Collected material Start Marker
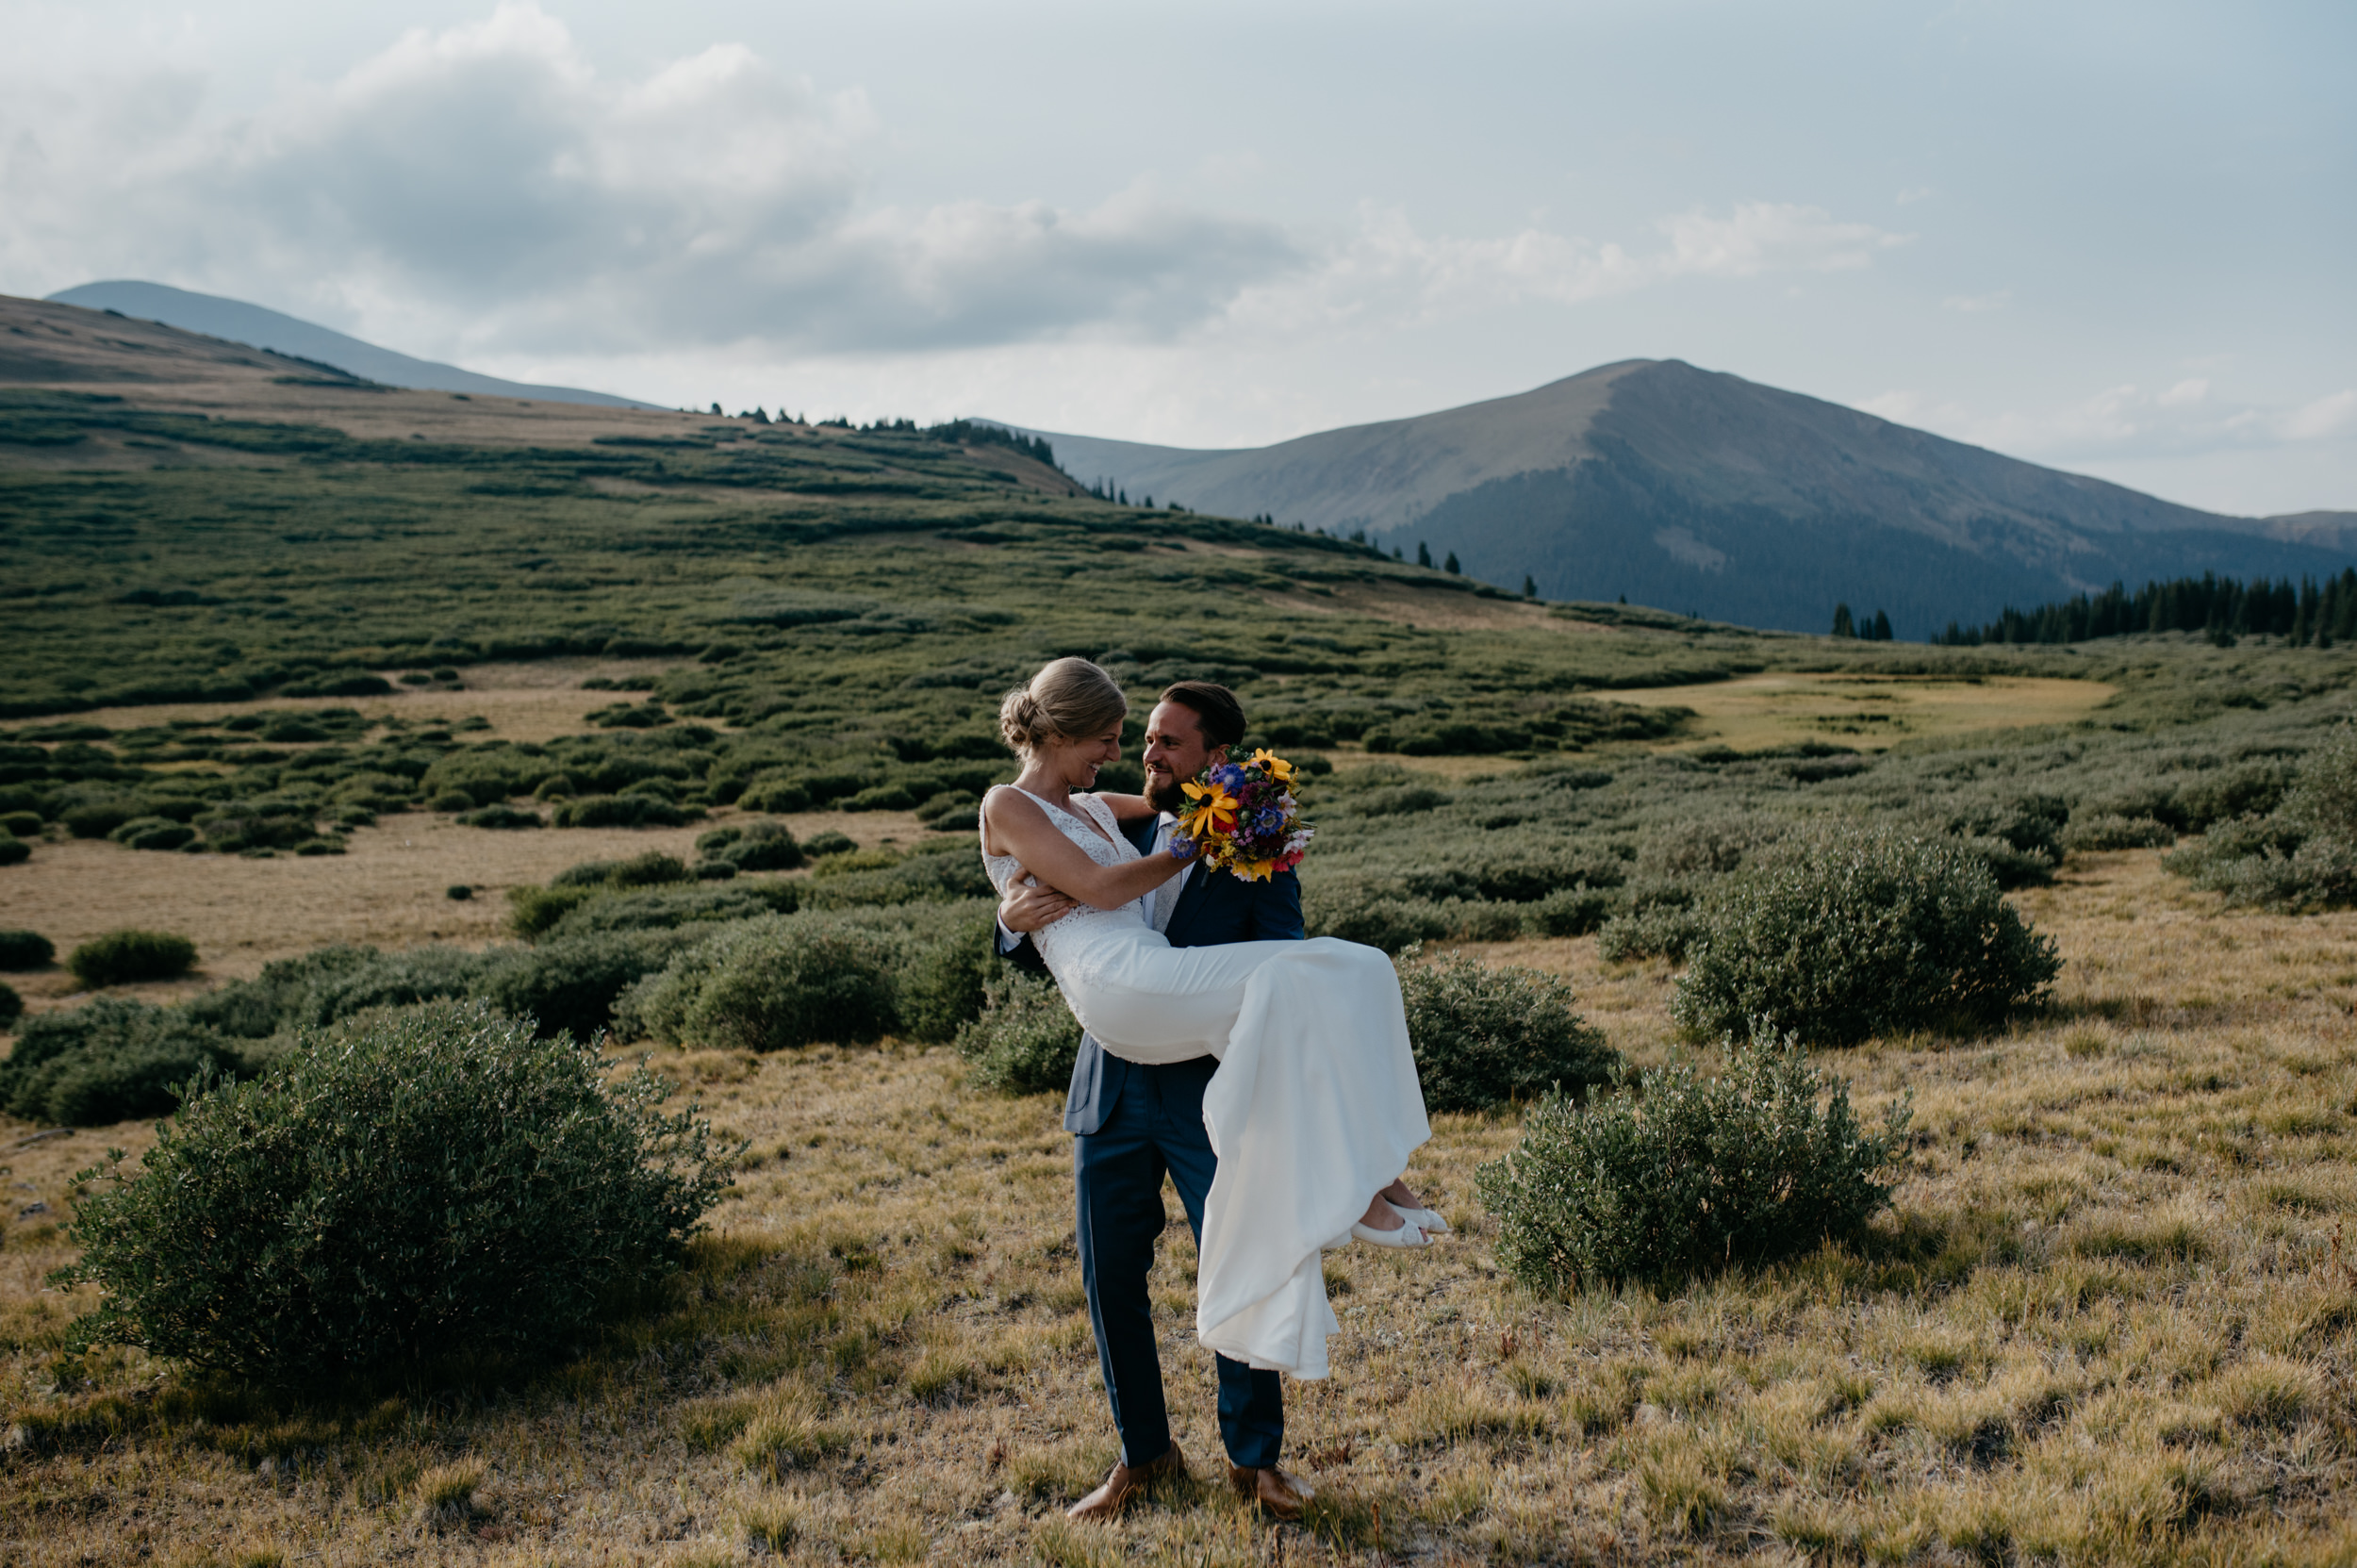 Denver, Colorado based elopement and wedding photographer.
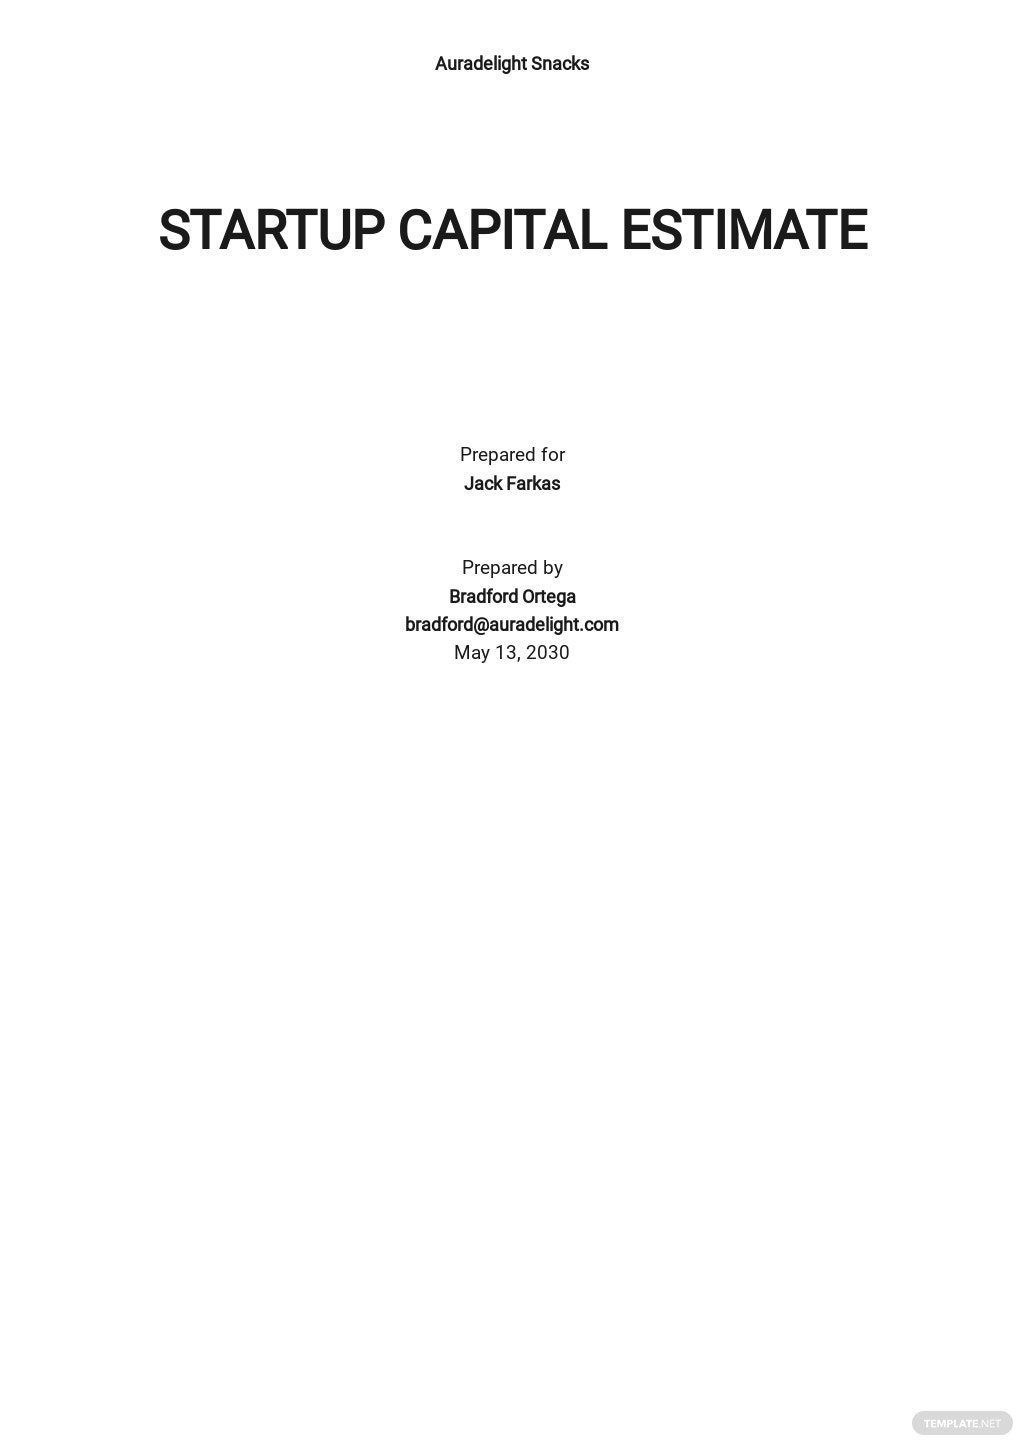 Blank Startup Capital Estimate Template
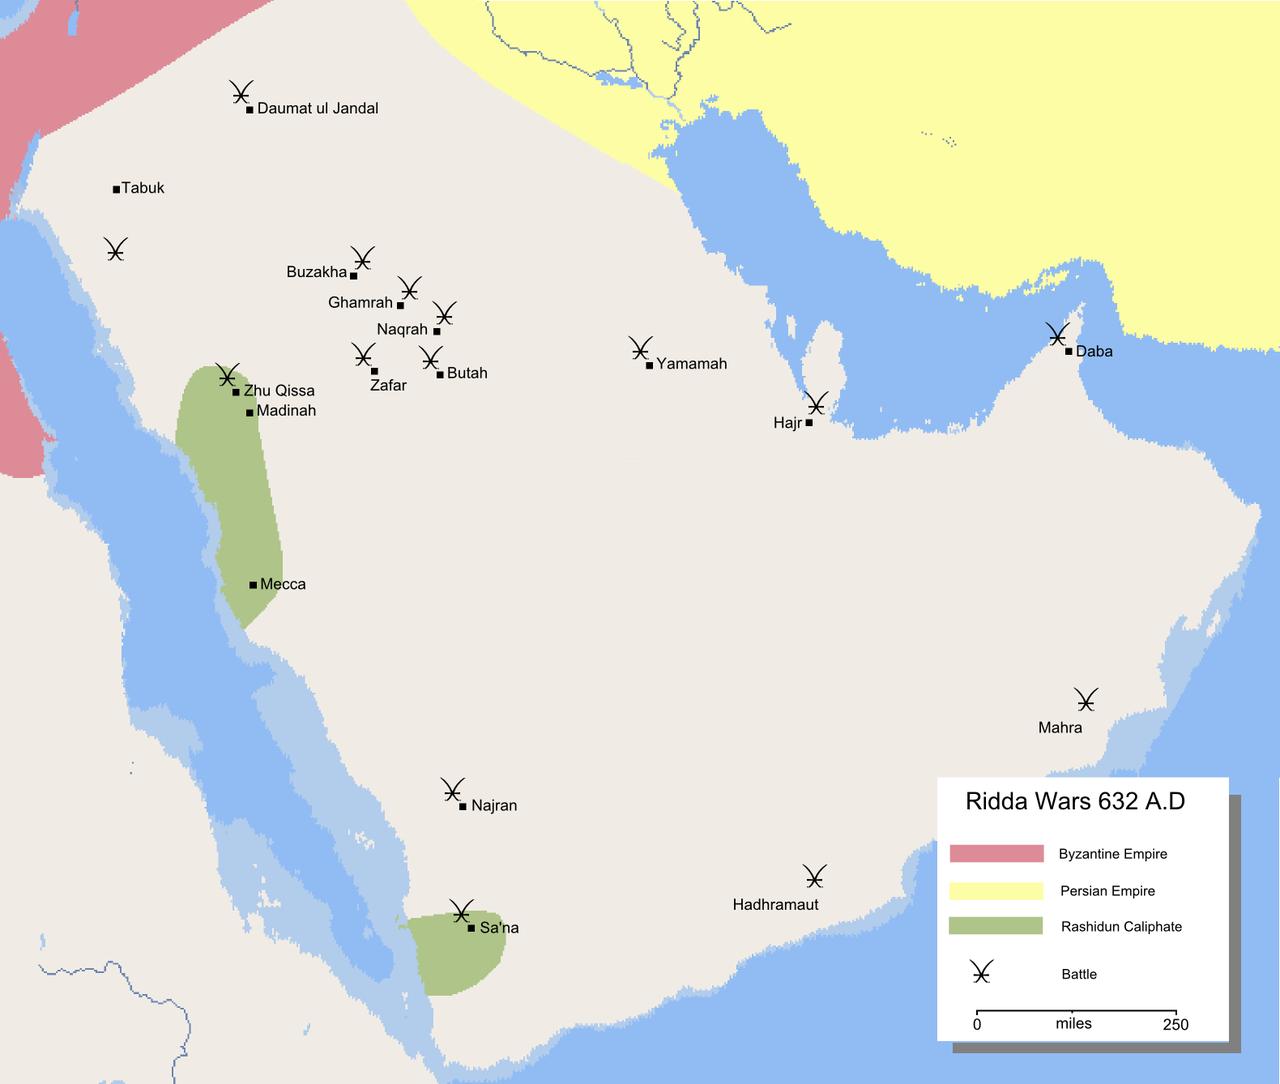 Mohammad_adil-Riddah_wars.png
Collected material End Marker
= Task directions =
The answer must be the full listing above, copied exactly, with no pictures in it.

= Answer to this problem =
 Denver, Colorado based elopement and wedding photographer.
 Blank Startup Capital Estimate Template
 Mohammad_adil-Riddah_wars.png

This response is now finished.